By itself, this model cannot scale as banks are not incentivised enough to bank those that are financially less fortunate. While it seems like there is an enormous market opportunity in serving people at the (BoP), the challenge remains how to combine low cost and good quality with sustainability and profitability. Because of this, banks have turned their focus to public sector/government-run organisations, large corporates, and middle-to-high income individuals, often prioritising margins over volume.
Over the years, agency banking and BoP-focused fintechs like Kenya’s mPesa, Nigeria’s Paga, MTN and Orange South Africa’s co-venture Mowali, have risen to the challenge, chipping away at the financial inclusion gaps left by banks, and scaling significantly.

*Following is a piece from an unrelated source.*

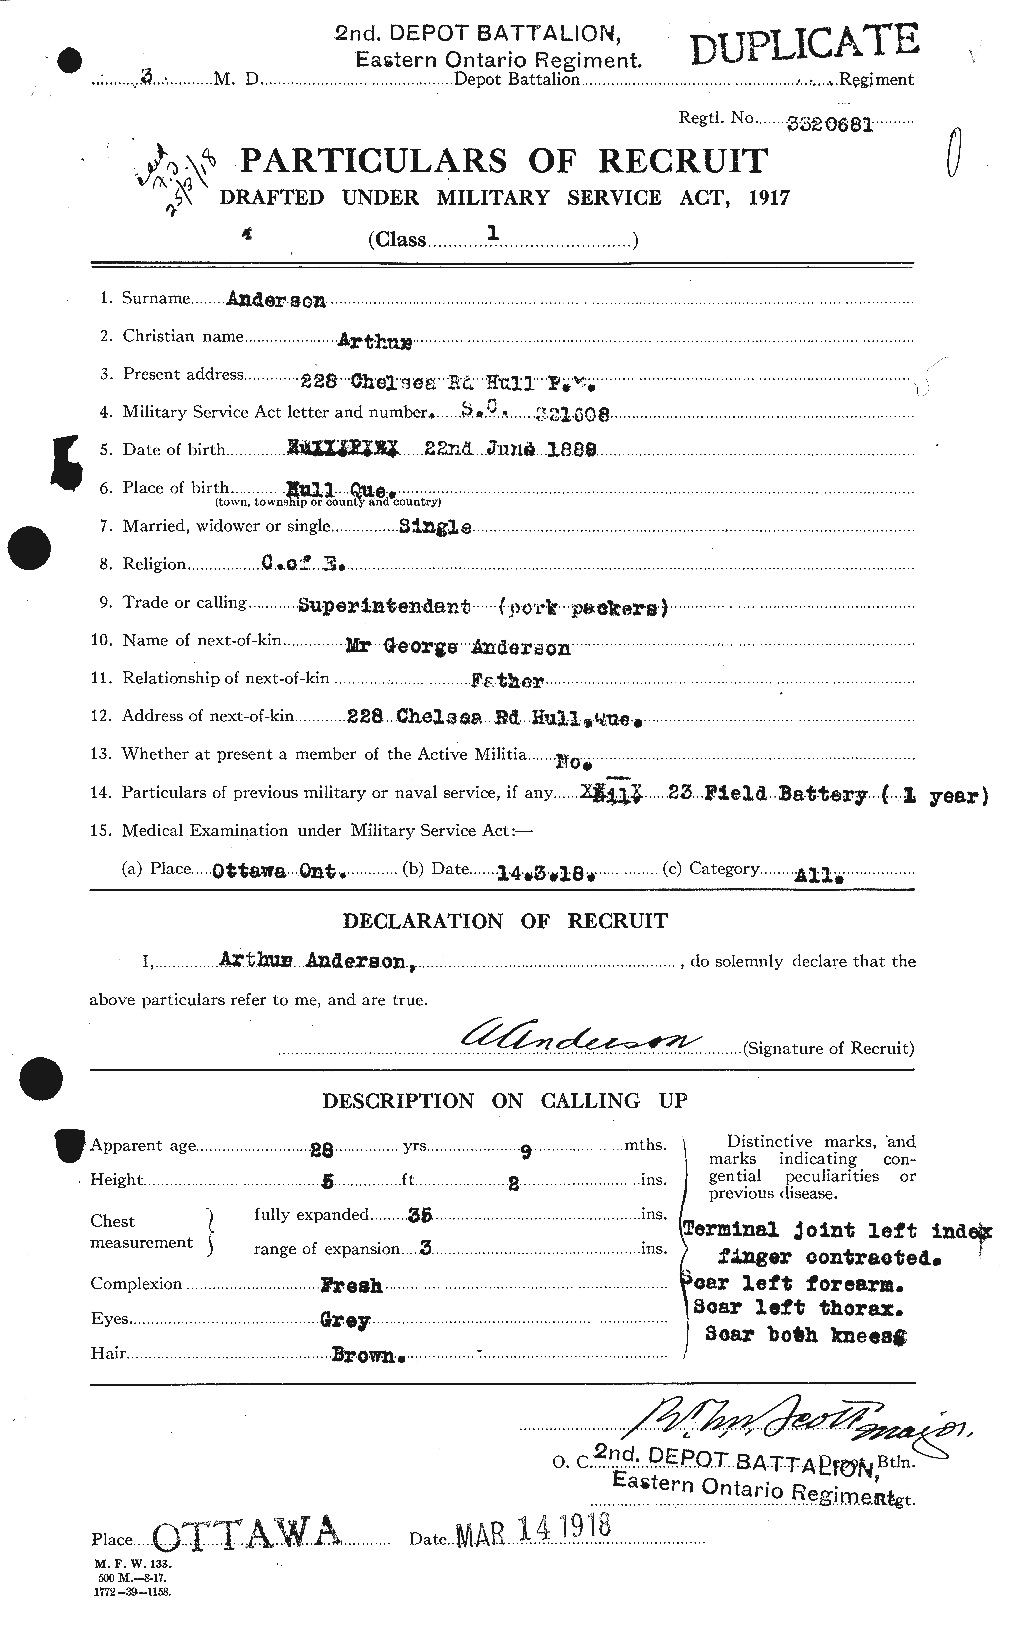 Personnel Records of the First World War - CEF 209367a

Banks need all the help they can get.
Open APIs allow fintech’s be the last mile for financial services
In Africa, fintech’s have adopted the use of agents and super agents. Since these communities are untrusting of “outsiders”, these agents are usually owners of mom-and-pop shops who have deep ties in the community and are authorised by financial institutions to carry out transactions on their behalf.
Fintech’s and banks often partner to get these transaction accounts running. Typically, the fintech’s will create and manage the agent and super agent networks and operations, acting as the last mile for customer delivery. Since banks are unenthusiastic about the grunt work, they act as the point of account domiciliation and hold customer balances as allowed by regulatory provisions. To achieve this, fintech’s and banks have to seek each other out, complete months of grueling integrations before launching at agent locations. This process is then repeated for each bank or fintech partner.
Adopting a common standard for open APIs eliminates this headache, translating to a faster time to market. When applied to a data analytics perspective, providers are able to get a more accurate picture of a customer’s financials. This allows them to provide better loan offers that help the eligible take care of their families and grow their businesses. A clear pathway to save and invest may then be created following further analysis of the customer’s deposit and spending patterns. Uniformity in API standards also connote a better future for enhanced credit scoring for the poor. The key ingredients for this will be customers’ account transaction and loan repayment histories.
Fintech’s can also use open APIs to help the financially excluded build and retain wealth. Since rural communities operate on a trust system, building contributory thrift savings products (locally termed ajo and esusu) which allow them to save with friends, family and co-workers could help them achieve financial goals, potentially lifting them out of poverty.
It is faster and less painful for banks to aid the creation of a deeper financial inclusion network by adhering to a common standard than it is for them to work on changing their default monolithic standpoint.
Across Africa, financial service providers are starting to take up the initiative of adopting open APIs. Equity Bank in Kenya, for instance, has invested up to $10M in Finserve, one of its subsidiaries, to offer a suite of open transactional, Know Your Customer (KYC), and account APIs.
It is only a matter of time before other African banks follow suit. To make this happen, the Central Banks would need to take on a three-pronged role of innovator, enforcer and regulator. By doing this, they will drive a common standard with traditional banks and simultaneously provide the guard rails to ensure that customers are adequately protected.